Não demora até que o som do tambor e do agê comece a ecoar pela noite estrelada. A sensação de estar ao ar livre naquele momento, naquele ritual, é de paz e alegria. Pouco a pouco, os caboclos começam a chegar, assim como algumas pessoas que observam. Cada caboclo que chega saúda o mar, ou seja, vai até ele. Isso exige acompanhamento de pelo menos uma pessoa que não esteja em transe. Duas mulheres incorporam Iemanjá e é preciso cuidado especial com elas: afinal, a rainha do mar está em seu habitat e, muitas vezes, as pessoas incorporadas com essa divindade acabam por entrar mar adentro. O fato de ficarem, em muitos casos, com metade do corpo molhado não afeta as pessoas em transe. Além disso,

as saias molhadas e sujas de areia, dançando sobre os pés descalços, geram um efeito místico e belo.

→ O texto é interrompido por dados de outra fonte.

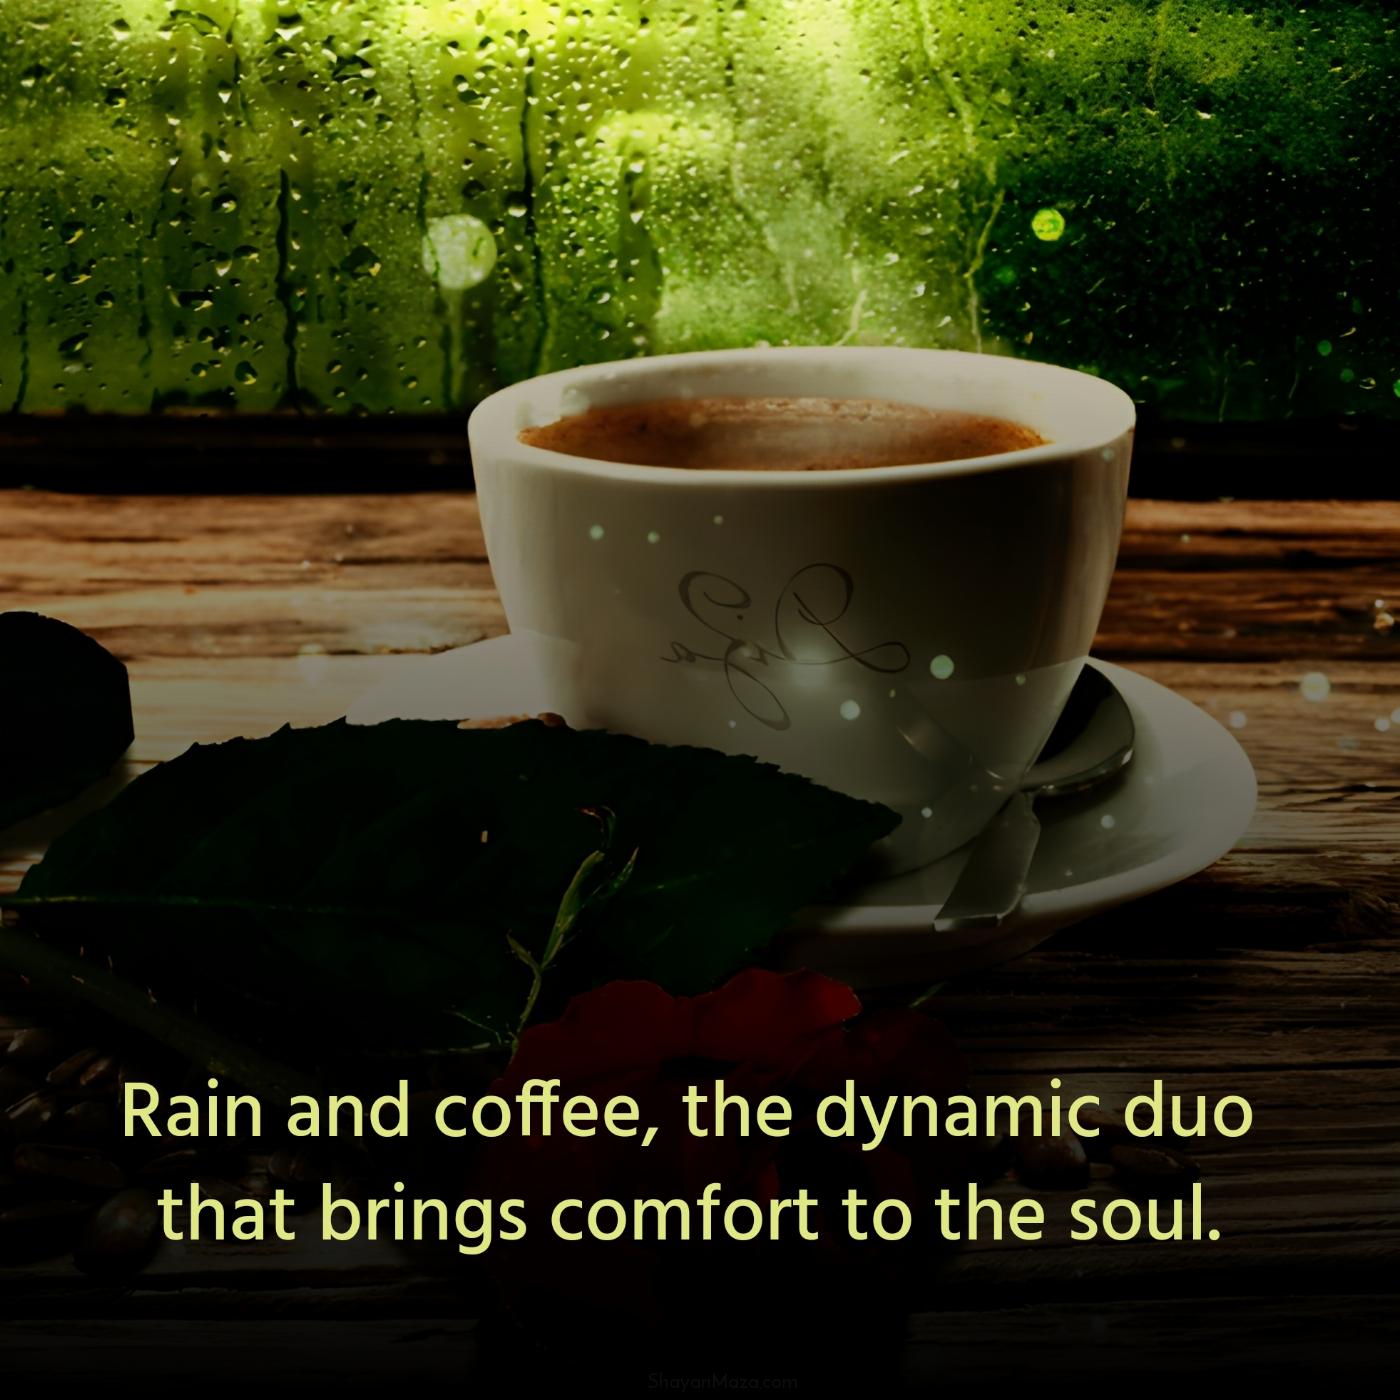 Rain and coffee the dynamic duo that brings comfort to the soul

Logo no início dos trabalhos, nota-se que uma família muito pobre se aproxima. Uma cadeira de praia é oferecida à mulher, que chama atenção por sua magreza. Todos estão com roupas muito velhas e sujas. Uma criança e dois homens estão juntos com a mulher. Eles são acolhidos e abraçados (literalmente) pelas entidades. Tomam passes, tiram consultas e ficam quase até o final do ritual. Pai Ogum da Lua51 deixa instrução para que sejam feitas doações

de alimentos e roupas àquelas pessoas. Além deles, outros moradores locais se aproximam para tomar bênçãos ou pedir conselhos. De modo geral, o ritual acontece de modo muito parecido com os anteriores, na terreira.

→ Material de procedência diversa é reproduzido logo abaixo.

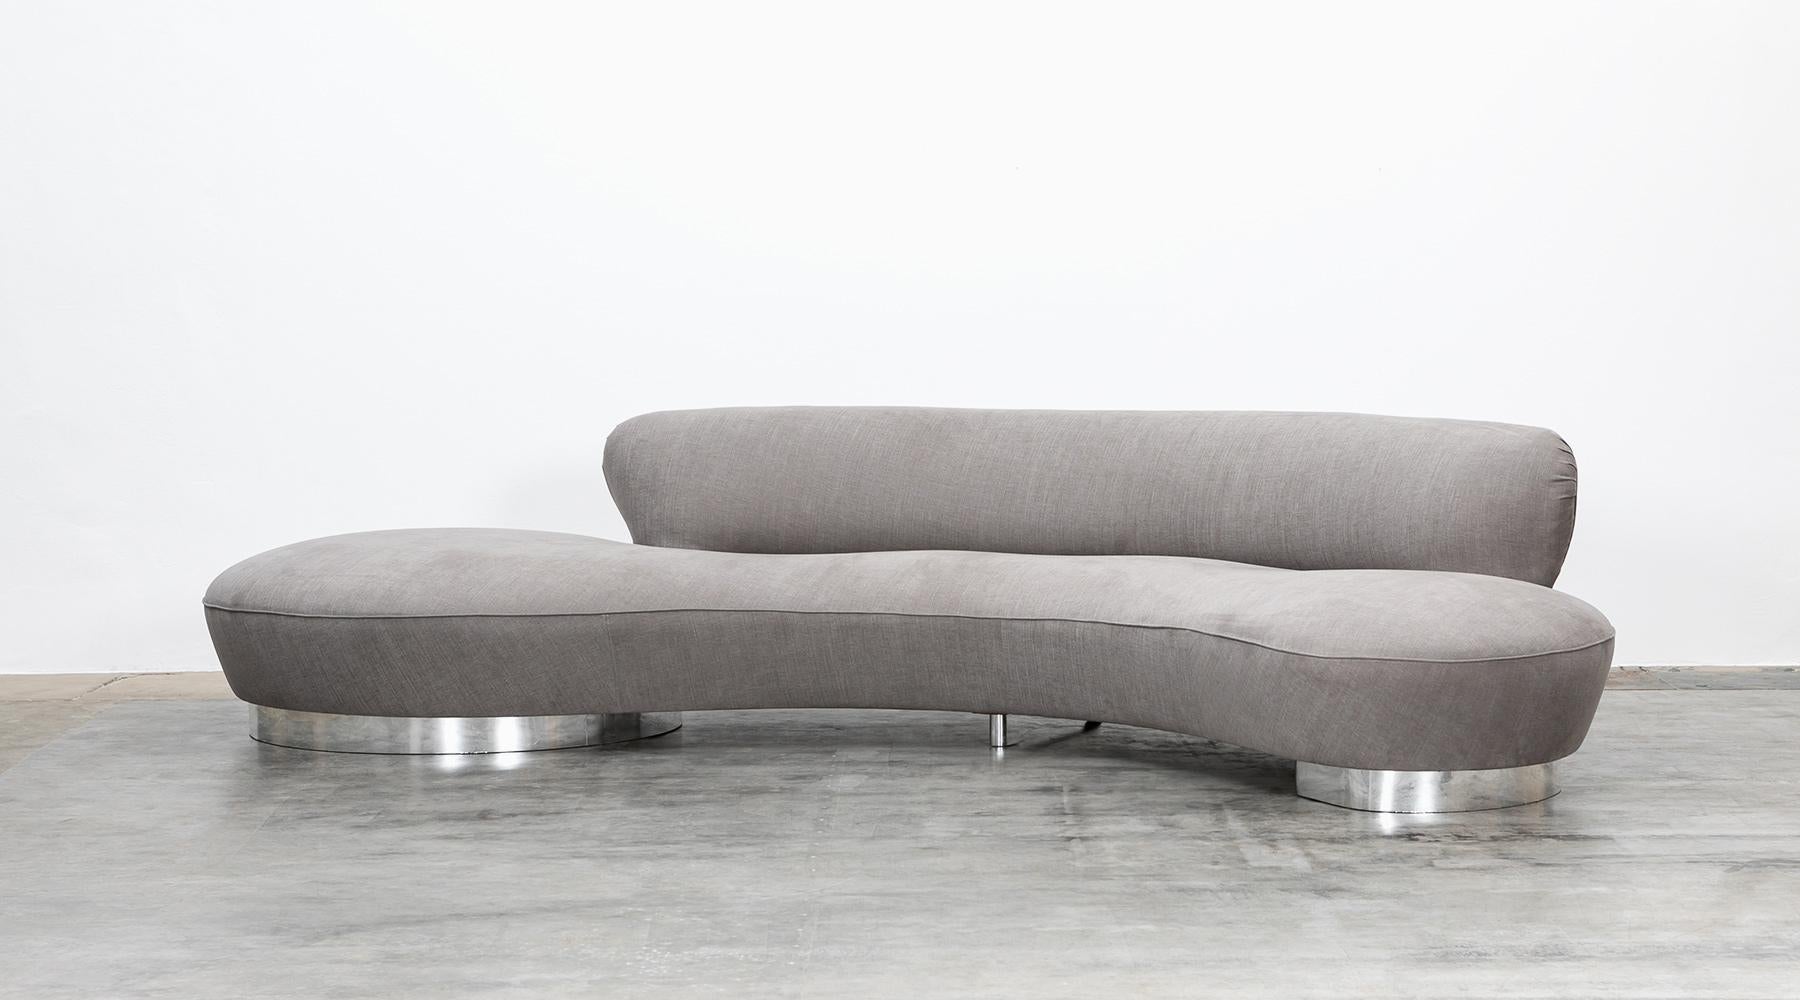 Sofa, new upholstery in high-quality fabric, warm grey, USA, 1980s.

Serpentine sofa by German-born American Vladimir Kagan. Manufactured for Club House Italia as part of their New York collection. Kagan has made himself a name through his
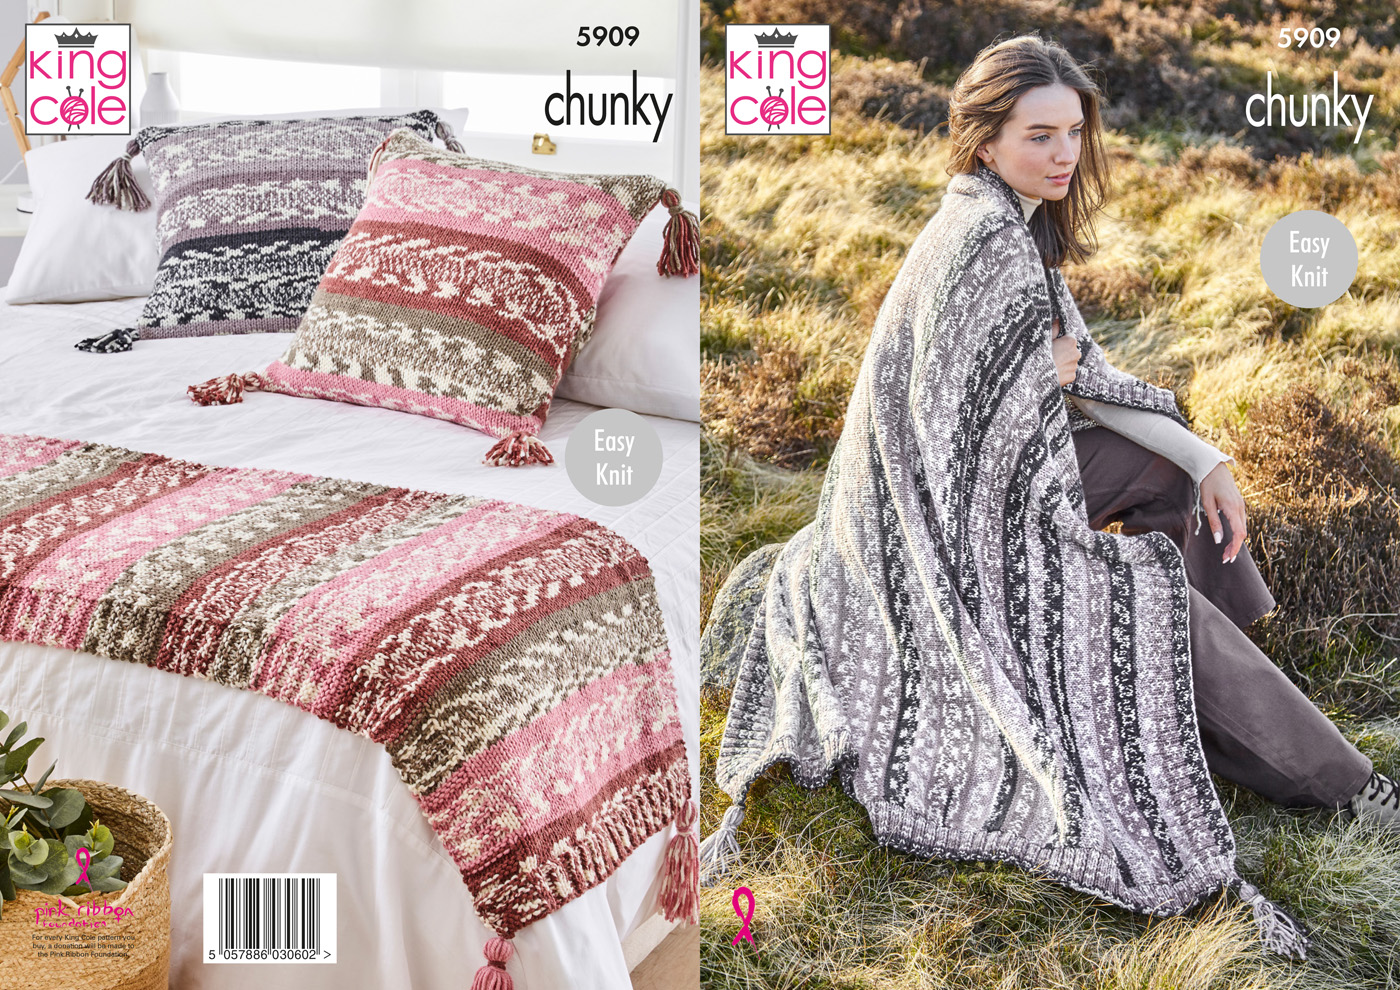 Blanket, Bed Runner & Cushion Cover: Knitted in King Cole Nordic Chunky 5909

Ao final da cerimônia, a instrução de Pai Ogum é que, os que desejarem, escrevam seus pedidos na areia. Além disso, é necessário pegar as pétalas de uma flor e jogar no mar. Também é possível jogar pipoca sobre as oferendas para pedir clareza (uma grande sacola é passada de mão em mão) e mel, para adoçar os caminhos (vários potes de mel são revezados). Assim como todas, escrevo meus pedidos e dirijo-me ao mar para entregar as pétalas. Volto ao ponto da areia em que estava e, em seguida, um grande grupo vai ao mar. Todos vestidos de branco ficam observando as ondas. É uma bela imagem. Arrependo-me de não ter levado uma câmera apropriada para registrar o momento.